Supplied information →
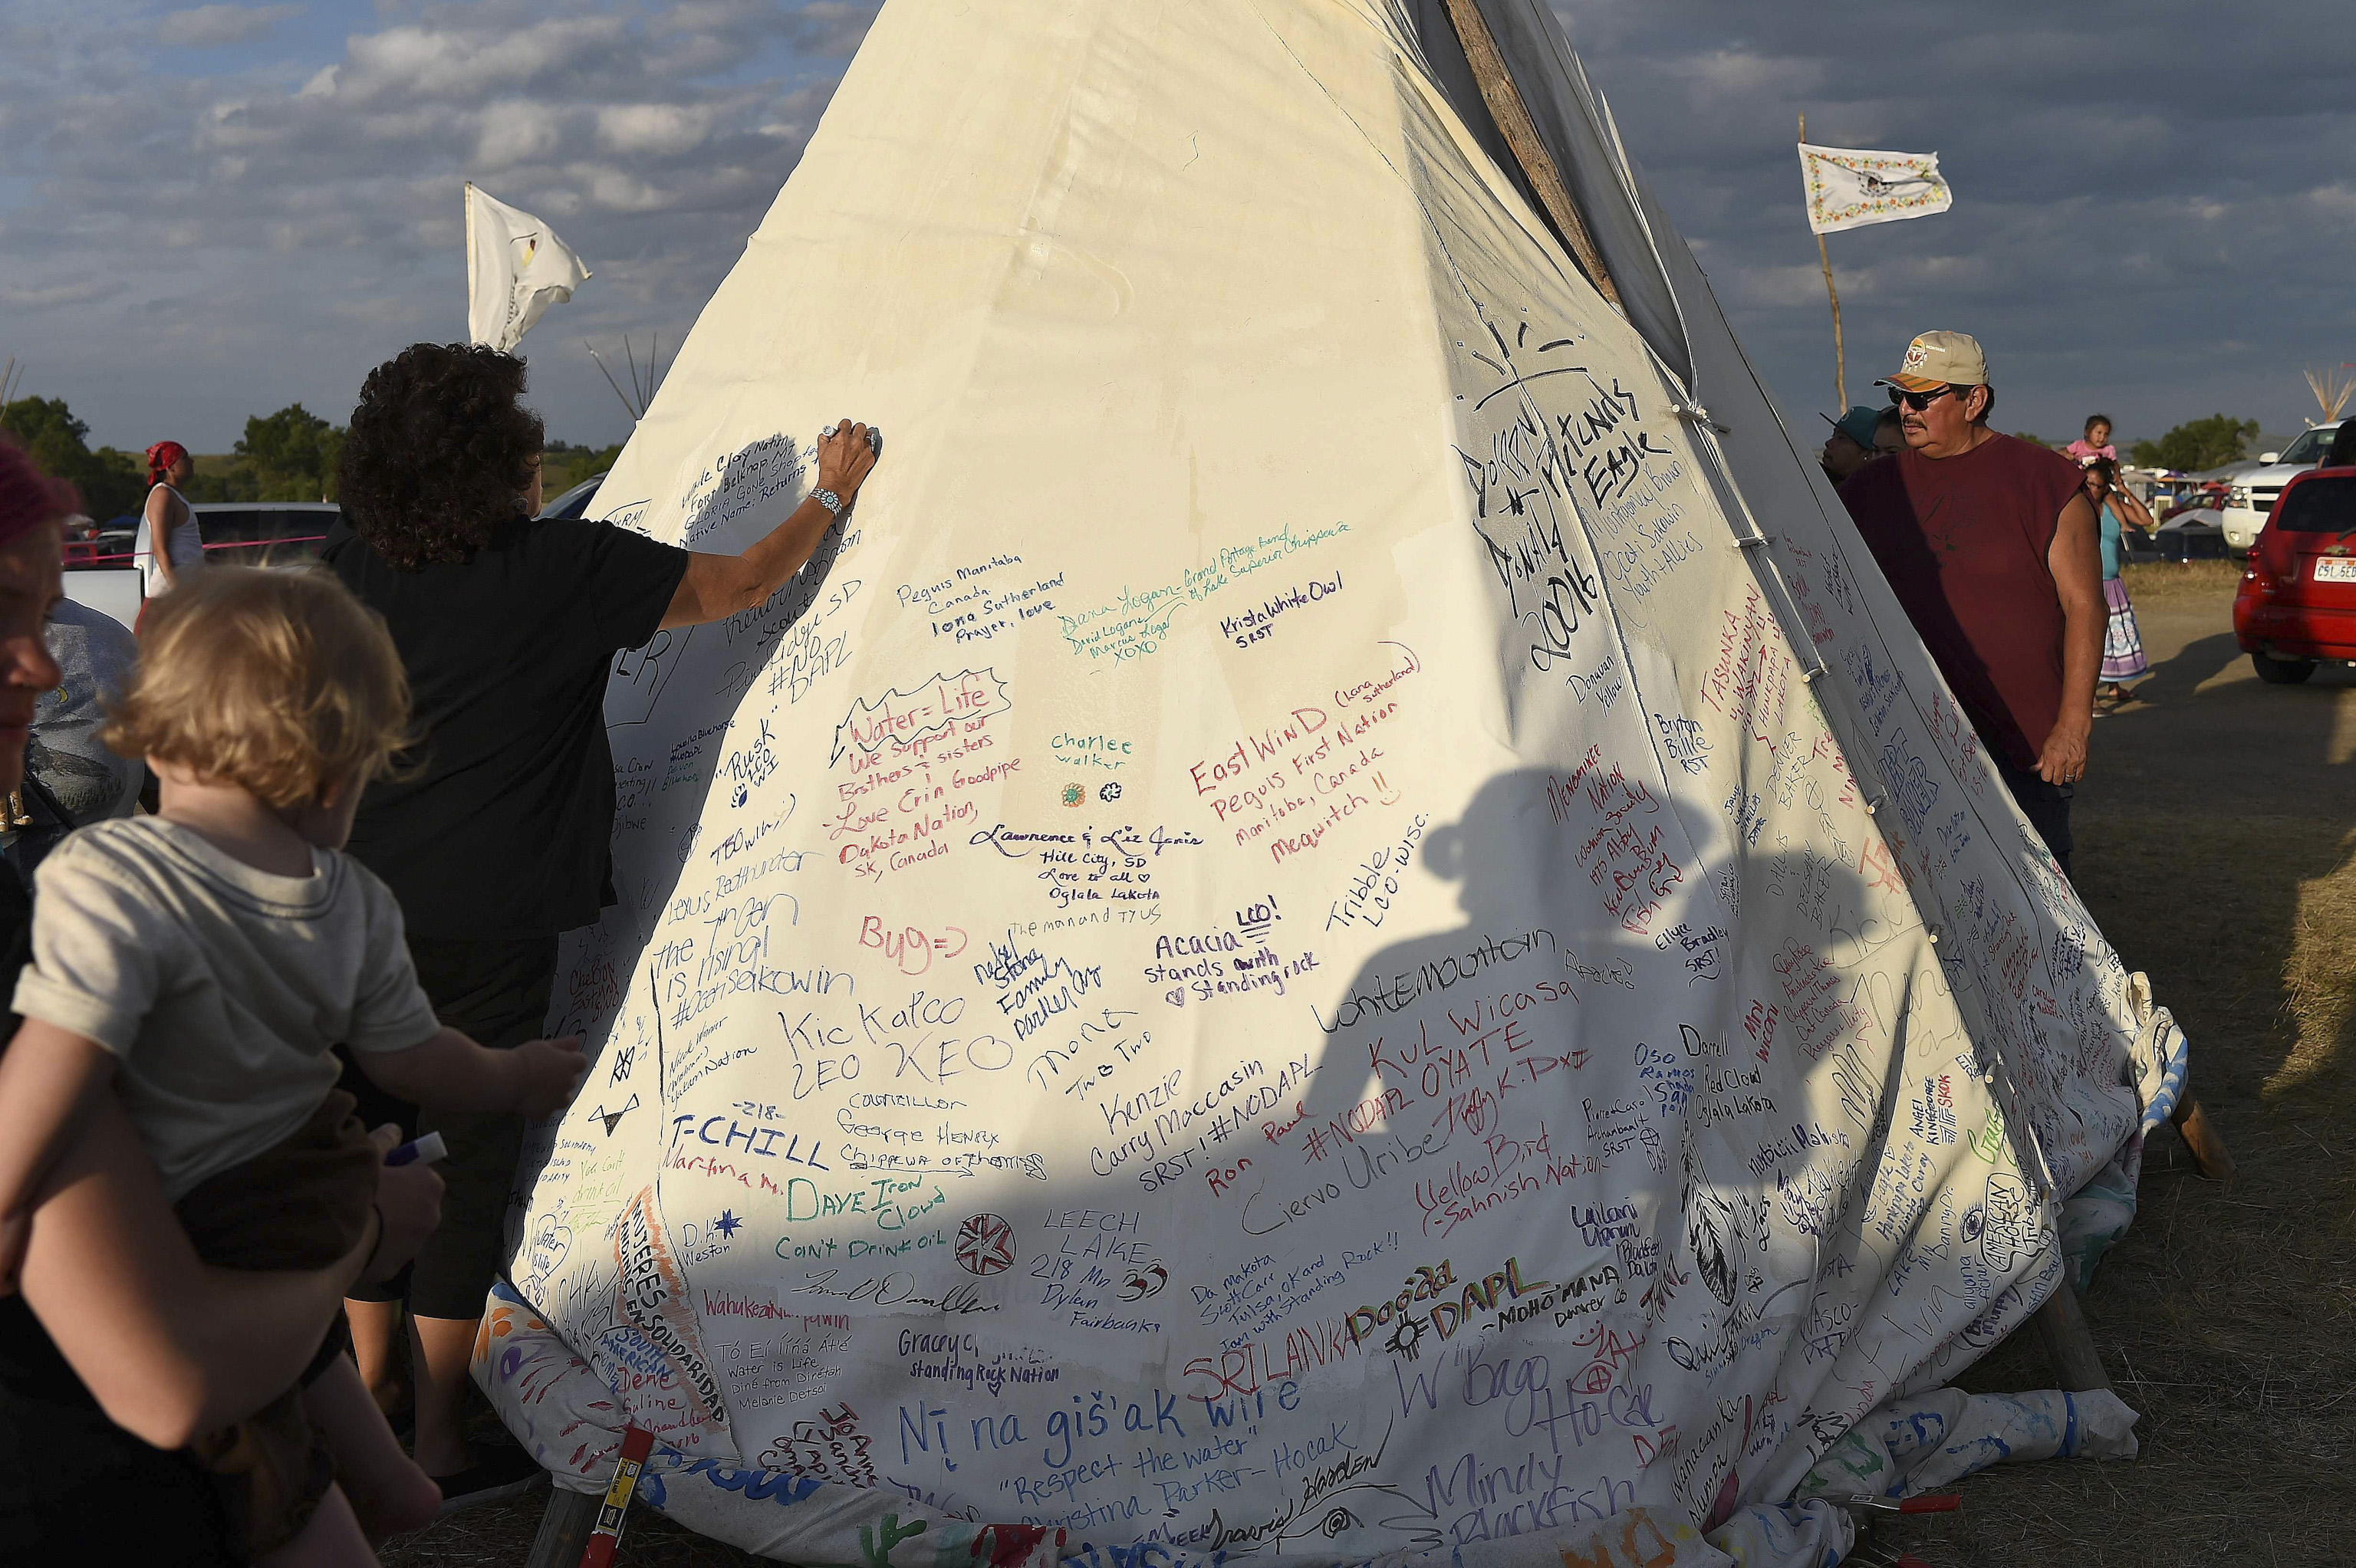 People sign a teepee with words of support for protestors at an encampment where hundreds of people gathered to join the Standing Rock Sioux Tribe's protest against the construction of the Dakota Access Pipe (DAPL), near Cannon Ball, North Dakota, on Sept. 3, 2016.
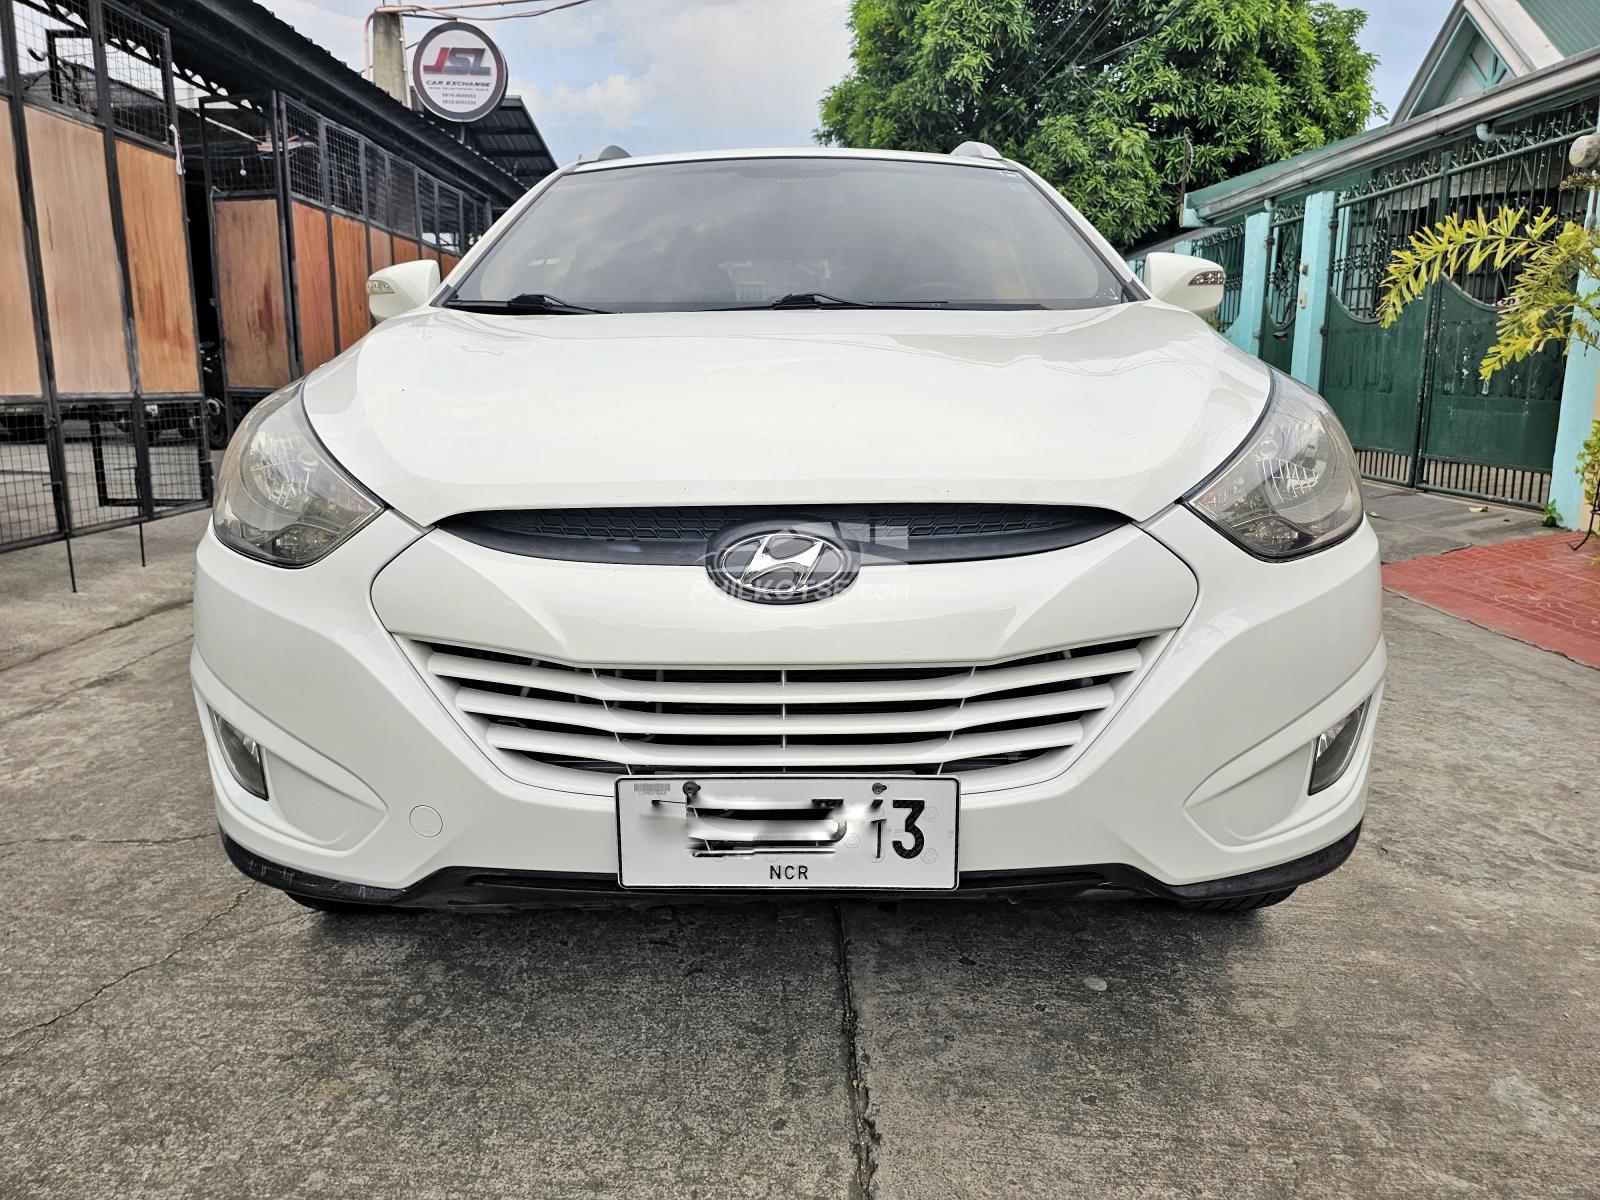 2012 Hyundai Tucson 2.0 GL 6AT 2WD in Bacoor, Cavite
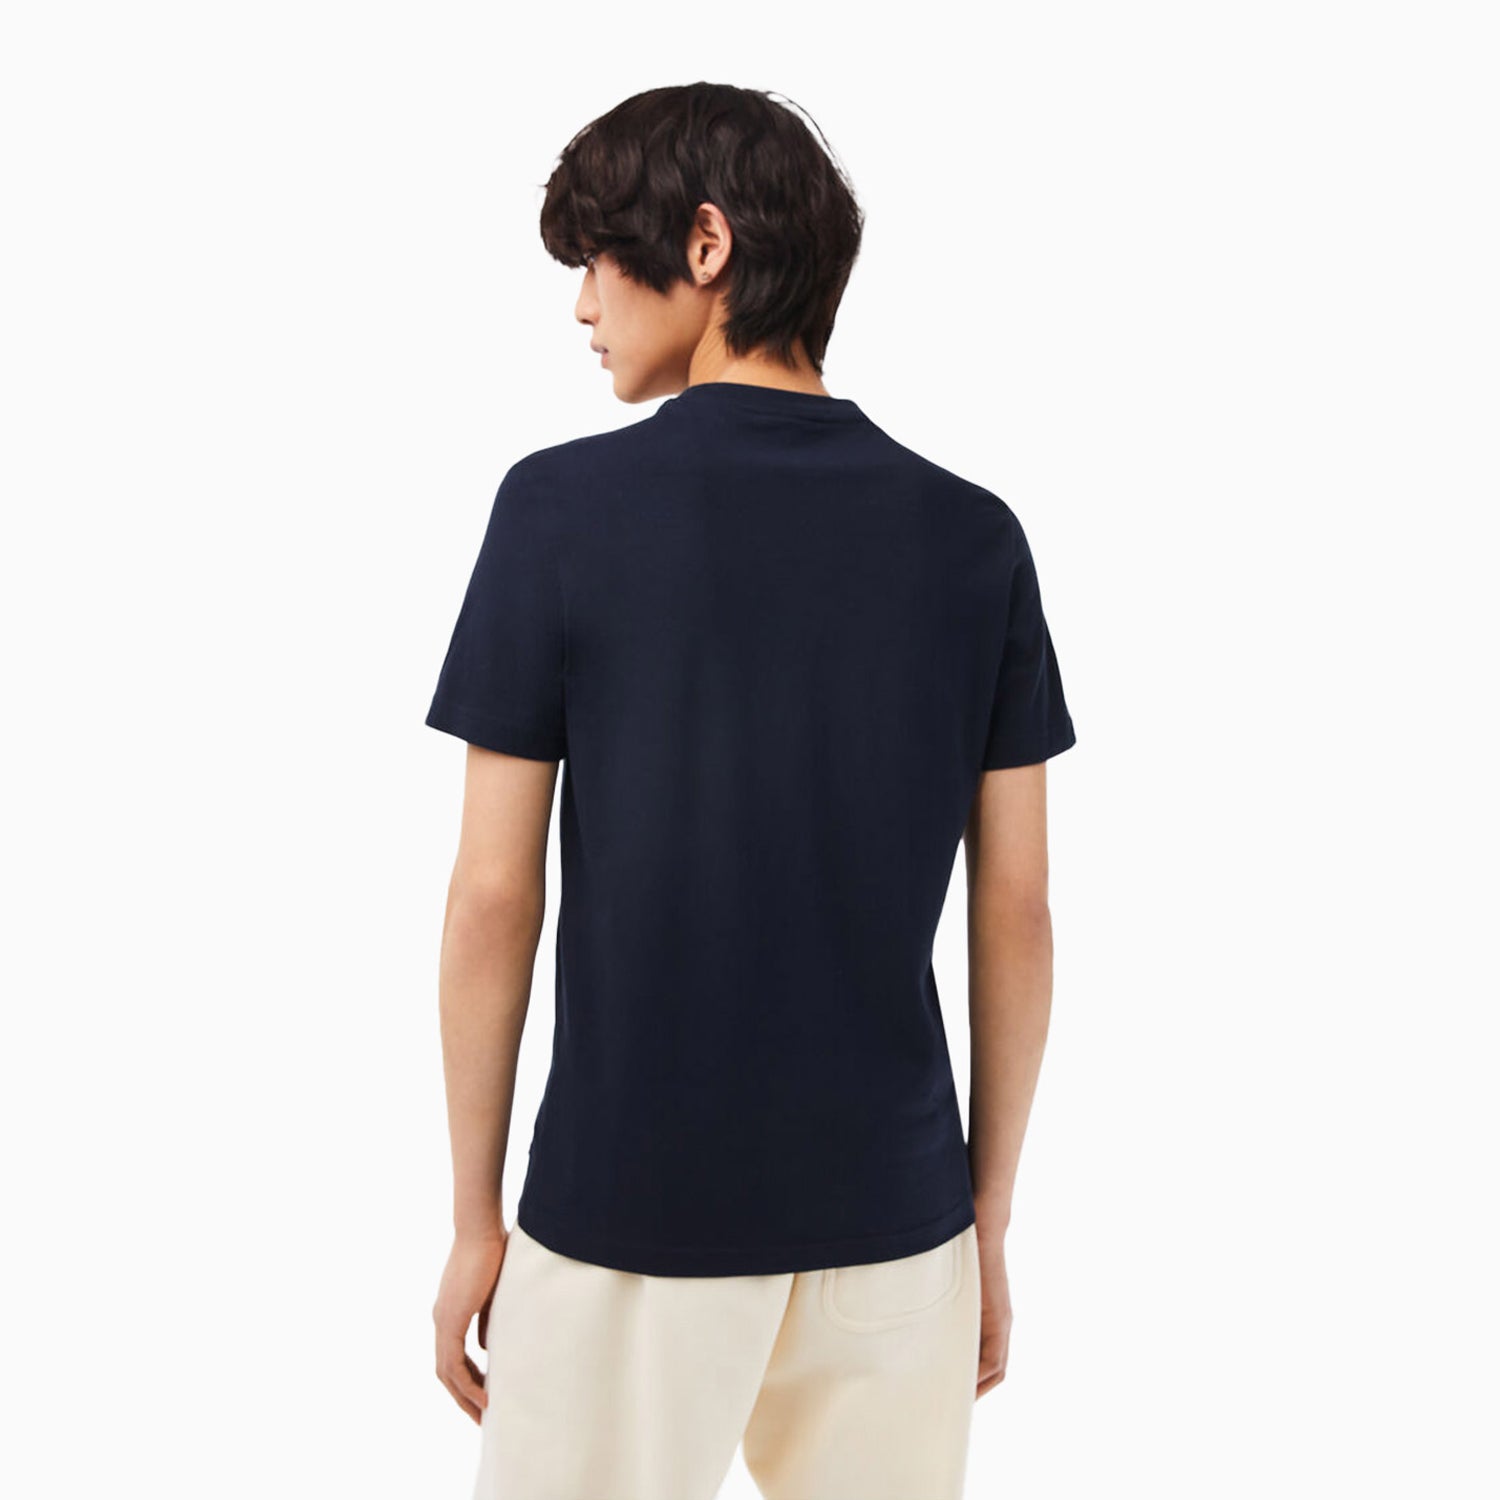 mens-lacoste-cotton-outfit-th5070-166-gh5086-51-166

Goal of the exercise → This exercise asks for the data above to be given again exactly, without pictures.

Output of the exercise →
 People sign a teepee with words of support for protestors at an encampment where hundreds of people gathered to join the Standing Rock Sioux Tribe's protest against the construction of the Dakota Access Pipe (DAPL), near Cannon Ball, North Dakota, on Sept. 3, 2016.
 2012 Hyundai Tucson 2.0 GL 6AT 2WD in Bacoor, Cavite
 mens-lacoste-cotton-outfit-th5070-166-gh5086-51-166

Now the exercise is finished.